If any of you have designed something similar please help me on how to go about it
How do I scale up the database? Should I go for a RDS or a simpleDB or AmazonDB. If not celery, I could have easily used simpleDB. I am really stuck on this one
Keep in mind that premature optimization is the root of all evil. The question of RDS (which is really just MySQL, Oracle, or MS SQL) vs. SimpleDB is more of an application design decision than one based on scalability. SimpleDB is just a simple key-value store. RDS, on the other hand, will give you full ACID functionality. If your data is relational, then you should be using a relational database. If you just need a place to store simple strings or integers, then something like SimpleDB would make more sense.
Right now I am using a single instance and the sqlite3 database (that comes with python) on that instance.

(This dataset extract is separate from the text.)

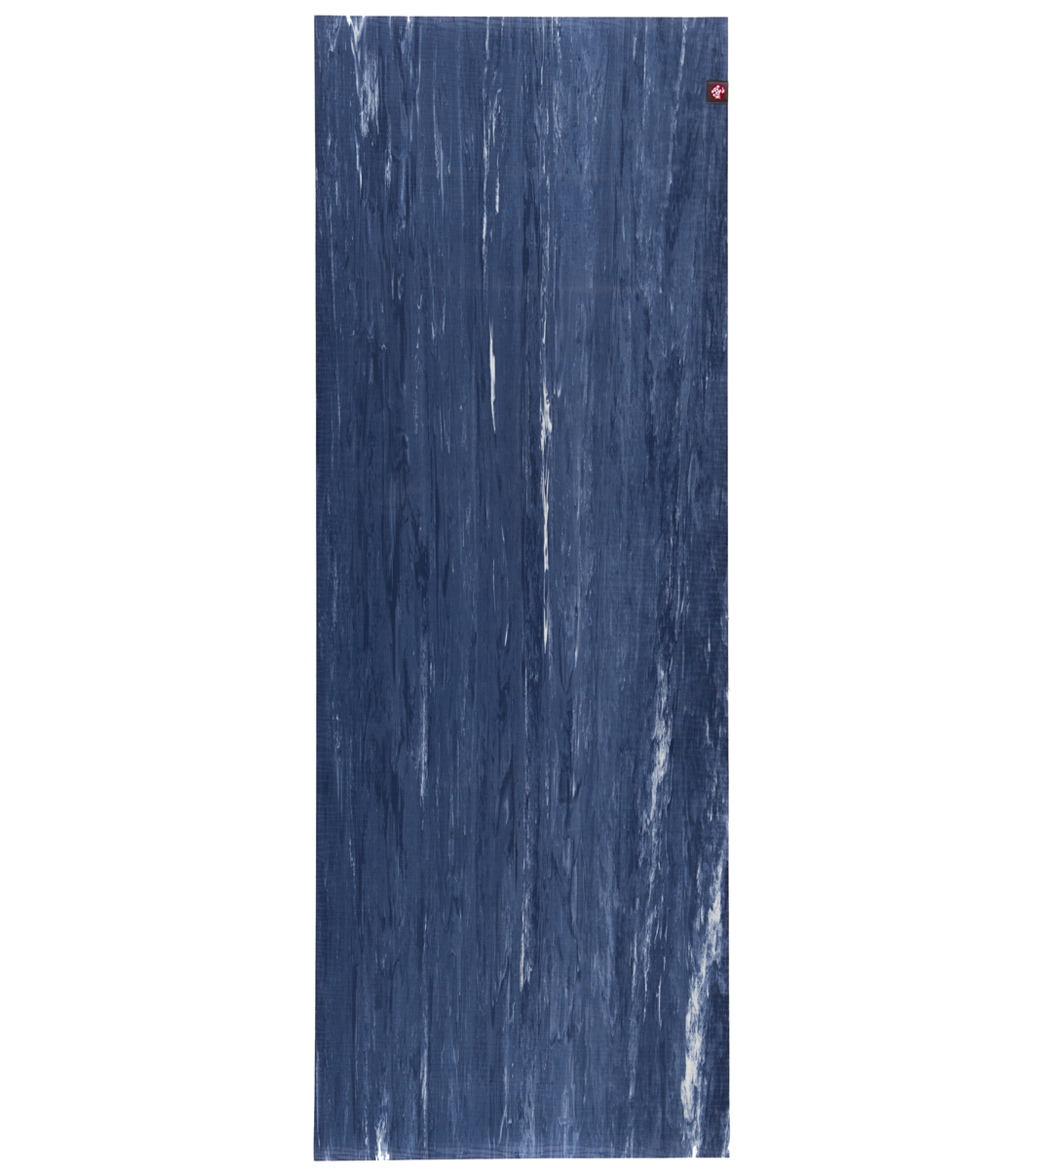 Manduka Eko 2 0 Yoga Mat 71 5mm At Yogaoutlet Com Free Shipping

Make sure that you understand the consequences of a) creating a single point-of-failure in your design and b) SQLite's limitations compared to using a standalone RDBMS in this application. (You can use it, but it's really intended for single-user applications).
How do I get rid of the two periodic tasks check_queue_and_launch_instance_task and output_process_task. My idea is that Autoscaling must be used in some way so that if need at a later stage an Elastic Load Balancer can be used.
If you're willing to replace Celery with SQS, you can tie together SQS + SNS + Cloudwatch to simplify this portion of your app. Though what you're doing doesn't sound like a bad choice, especially if it's working well already. Your time is probably better spent working on the problems in front of you rather than those that might occur down the road.